Verschillende standbeelden van in maliënkolder geklede krijgers gevonden in Zuid-Frankrijk en Noord-Italië tonen twee soorten van dit harnas: een met brede cape-vormige schoudervullingen; en de tweede, die lijkt op de Griekse linnen schelp zonder de "cape". Waarschijnlijk was het eerste type gewoon oorspronkelijk Keltisch.
In Roemenië, in een begrafenis uit de 3e eeuw. v. Chr. ze vonden ook fragmenten van maliënkolder, en misschien zelfs meer dan één, aangezien een deel van de ringen bestaat uit rijen afwisselend gestempelde en stompe ringen, en op het tweede zijn alle ringen geklonken. Dergelijk weven wordt als betrouwbaarder beschouwd. De diameter van de ringen is ongeveer 8 mm. De schoudervullingen van de maliënkolder, in de vorm van een Grieks linnen schild, waren aan haar borst vastgemaakt. Dat wil zeggen, de Kelten konden in die tijd geen maliënkolder bedenken met mouwen, kort of lang, maar namen gewoon een linnen schaal en vervingen de flexibele stof erin door flexibele maliënkolder!
Kuras van de Kelten. Museum Saint-Germain, Frankrijk.

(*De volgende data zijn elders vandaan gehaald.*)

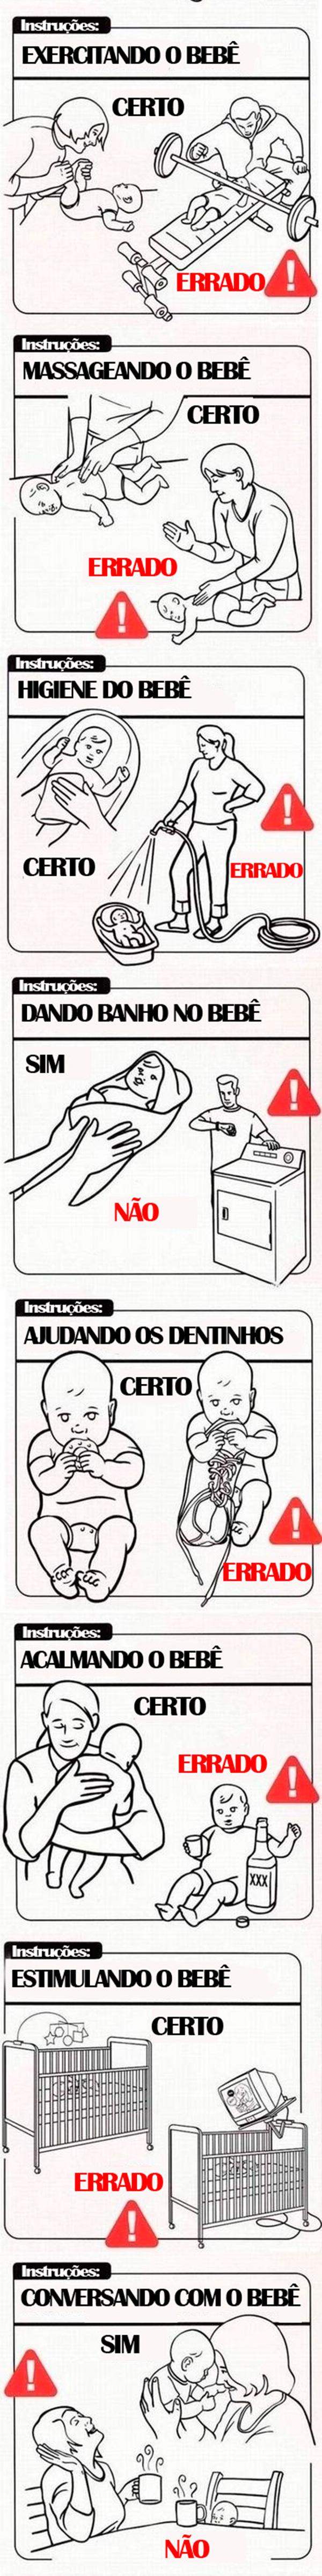 Cuidando de um bebê de maneira correta

Diodorus schrijft echter heel vaak dat dezelfde Galliërs naakt ten strijde trokken. In het begin was het waarschijnlijk zo, maar hij beschrijft de tijd later zelf. Polybius beschrijft bijvoorbeeld de Gazaten, die de Alpen overstaken om naast de Kelten te vechten in de slag bij Telamon in 225. En dus hielden ze zich gewoon aan de oude gebruiken. En alle andere Galliërs waren gekleed in broeken en lichte regenjassen. Welnu, onder Caesar vochten de Kelten al volledig gekleed!
Ter vergelijking: het pantser van een Griekse hopliet uit een museum in Argos.
De Keltische cultuur is erg populair in het Westen (en waarom is het zo begrijpelijk!). Hier is een wandkalender voor 2016 met de Keltische oudheden van het British Museum, die binnen de muren kan worden gekocht voor 9,99 pond sterling.